Brief: Return the run of lines below that opens with the line containing "Choisir Couleur Villas" and closes with the line containing "延吉水上市场,凌晨5点开市,朝鲜族美食汤饭,阿星品尝米肠年糕", keeping each one exact.

Given records:
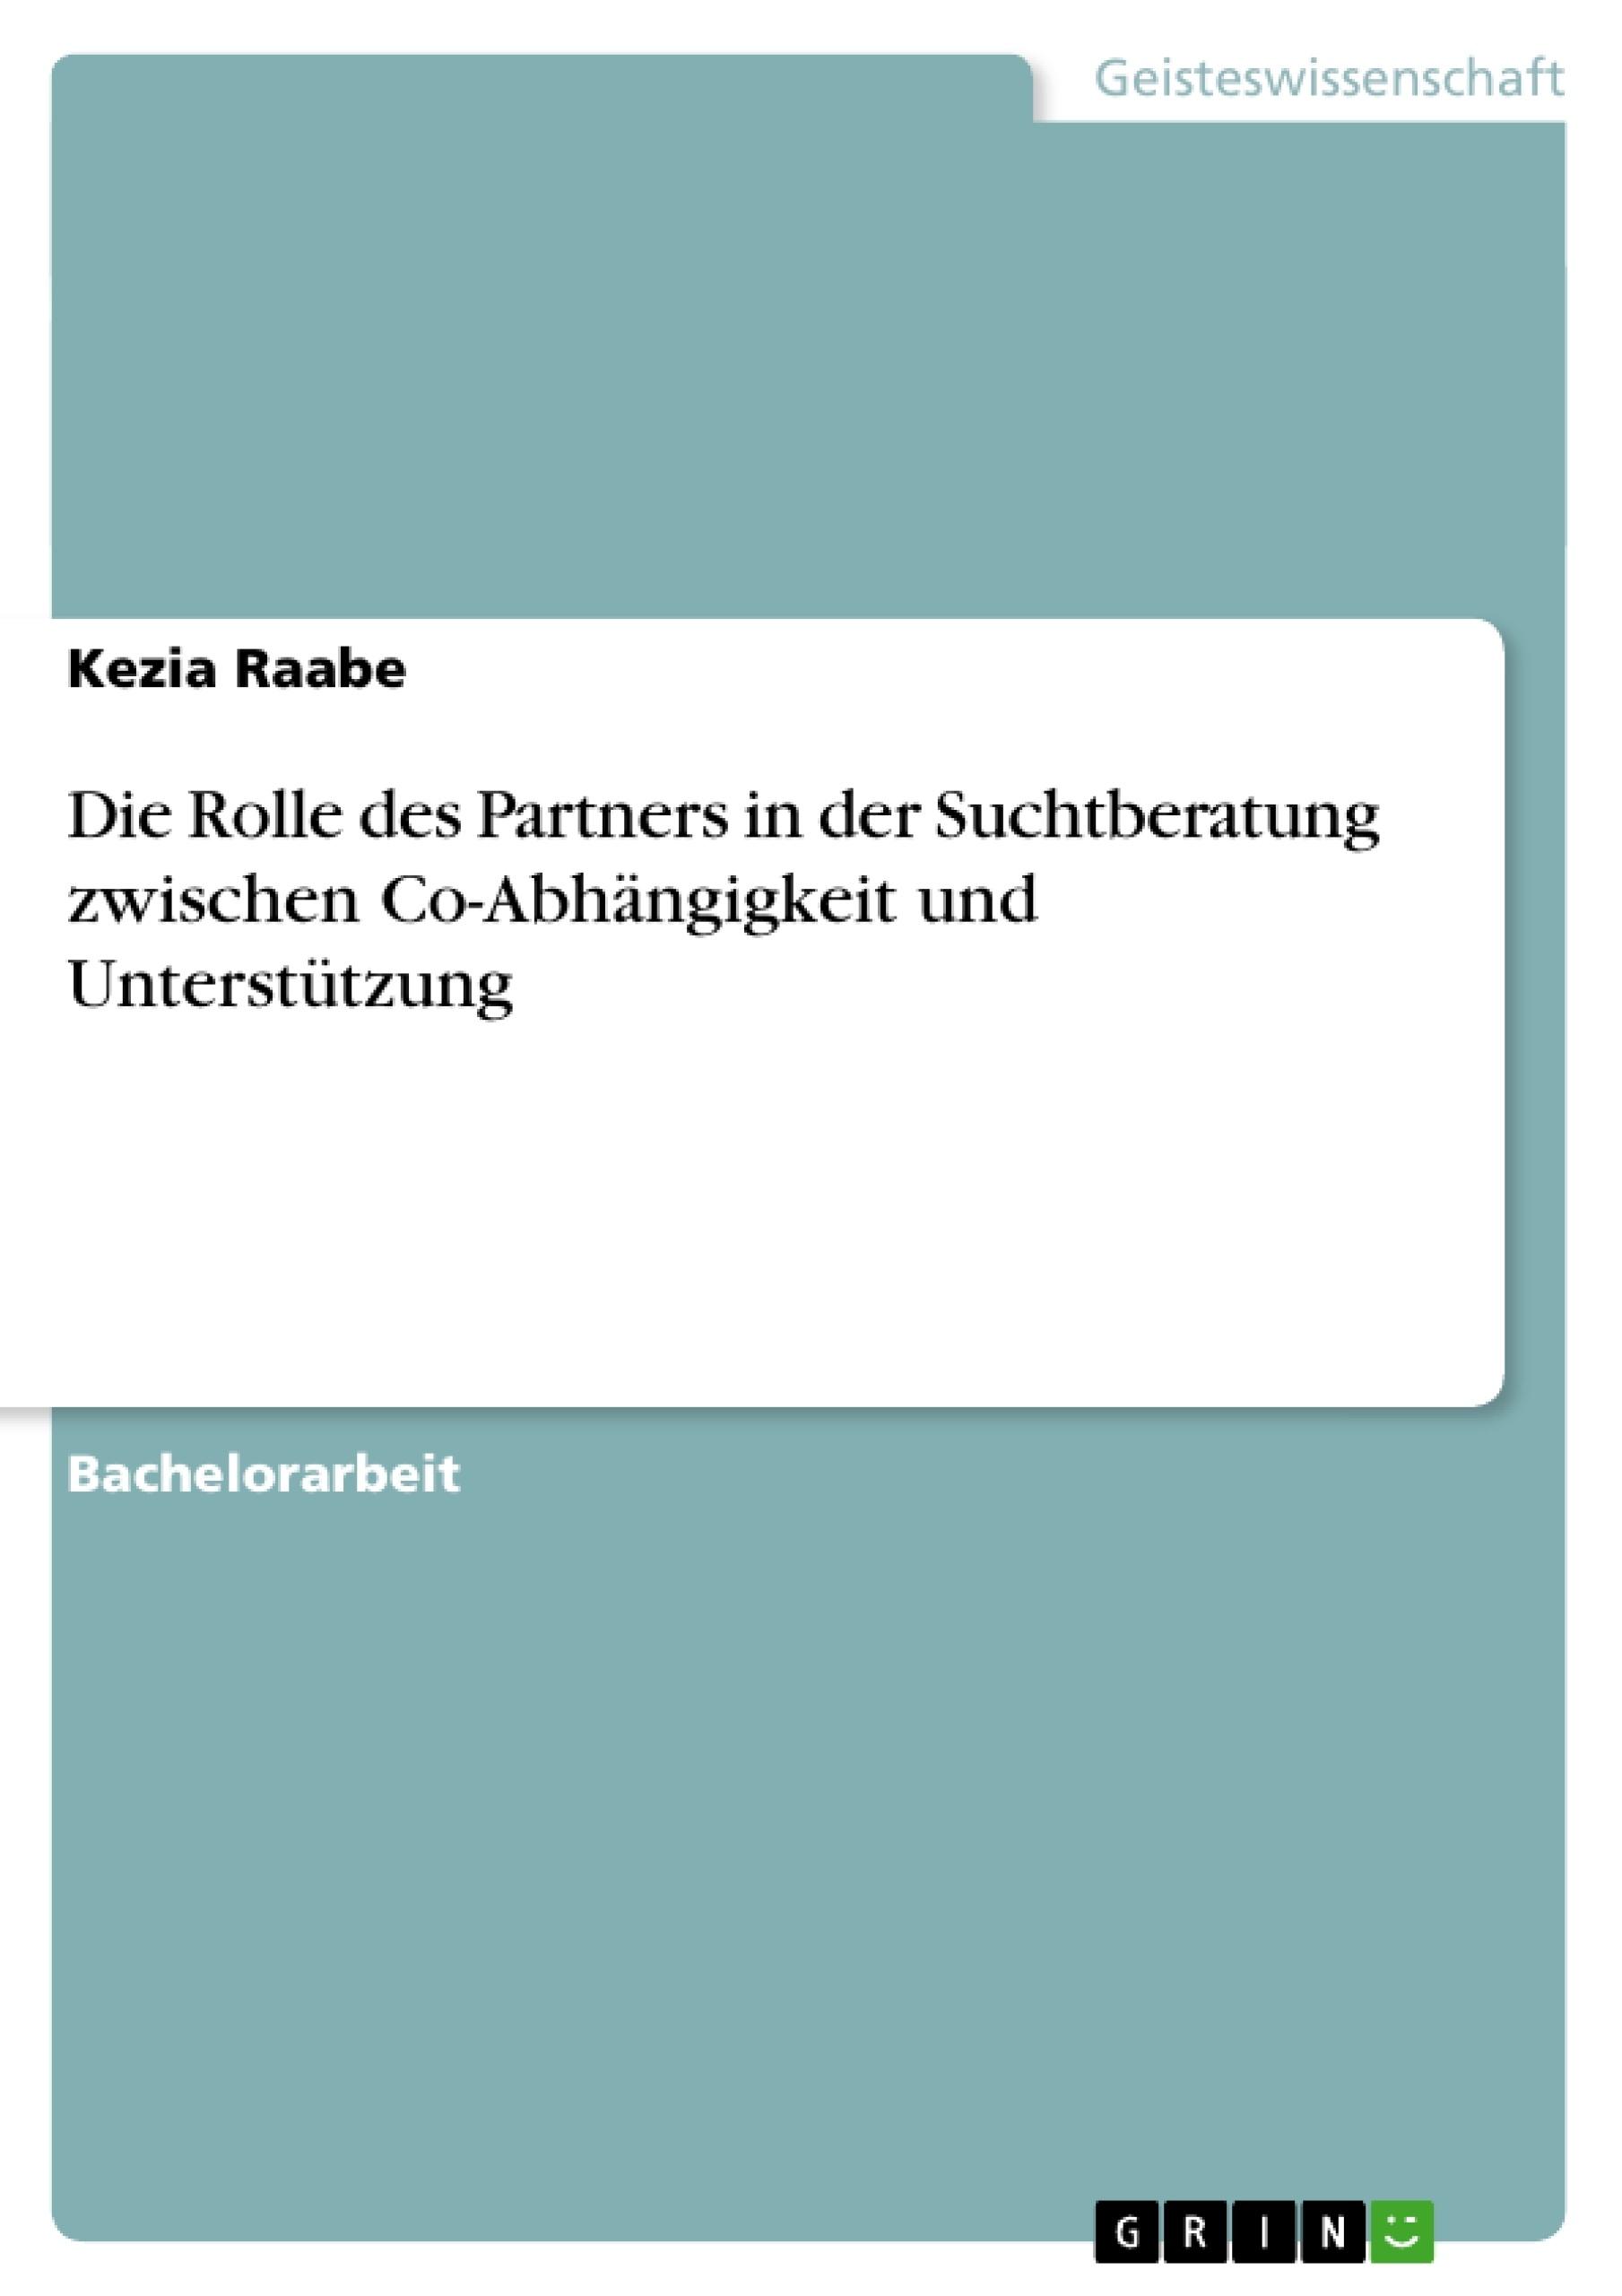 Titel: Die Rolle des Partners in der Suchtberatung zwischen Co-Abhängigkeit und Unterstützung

==

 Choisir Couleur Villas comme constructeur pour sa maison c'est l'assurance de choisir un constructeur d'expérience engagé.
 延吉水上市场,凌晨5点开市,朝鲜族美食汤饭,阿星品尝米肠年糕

* * *

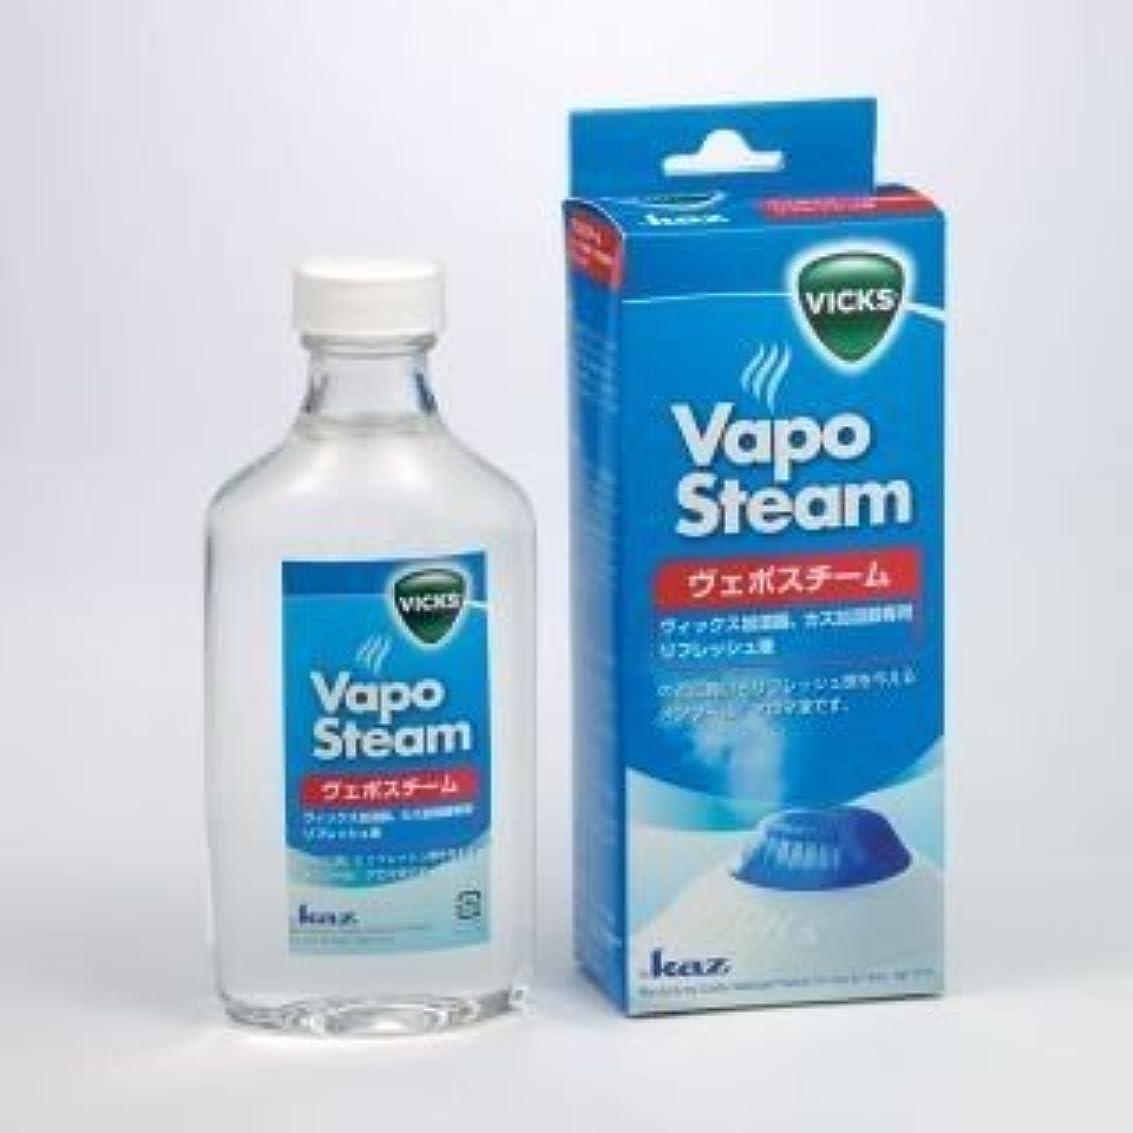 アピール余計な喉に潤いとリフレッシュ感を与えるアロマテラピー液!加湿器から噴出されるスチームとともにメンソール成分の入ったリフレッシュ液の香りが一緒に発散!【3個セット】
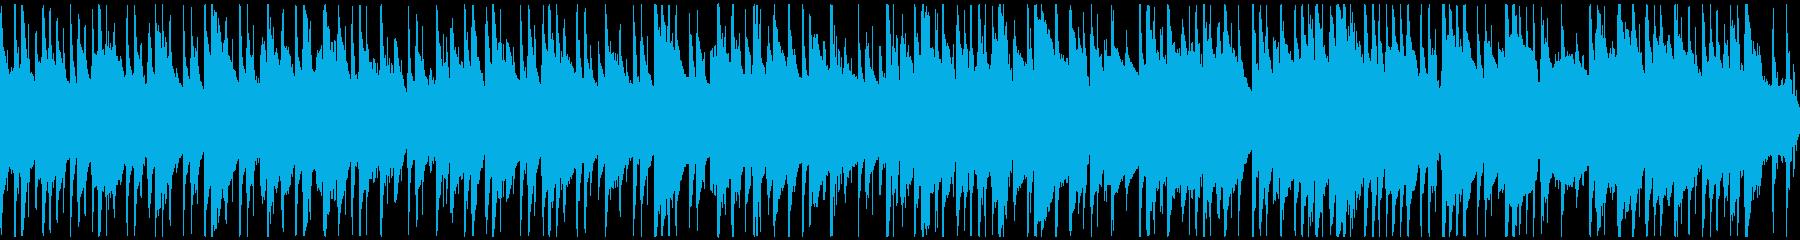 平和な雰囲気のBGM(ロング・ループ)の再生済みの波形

Task output:
 Choisir Couleur Villas comme constructeur pour sa maison c'est l'assurance de choisir un constructeur d'expérience engagé.
 延吉水上市场,凌晨5点开市,朝鲜族美食汤饭,阿星品尝米肠年糕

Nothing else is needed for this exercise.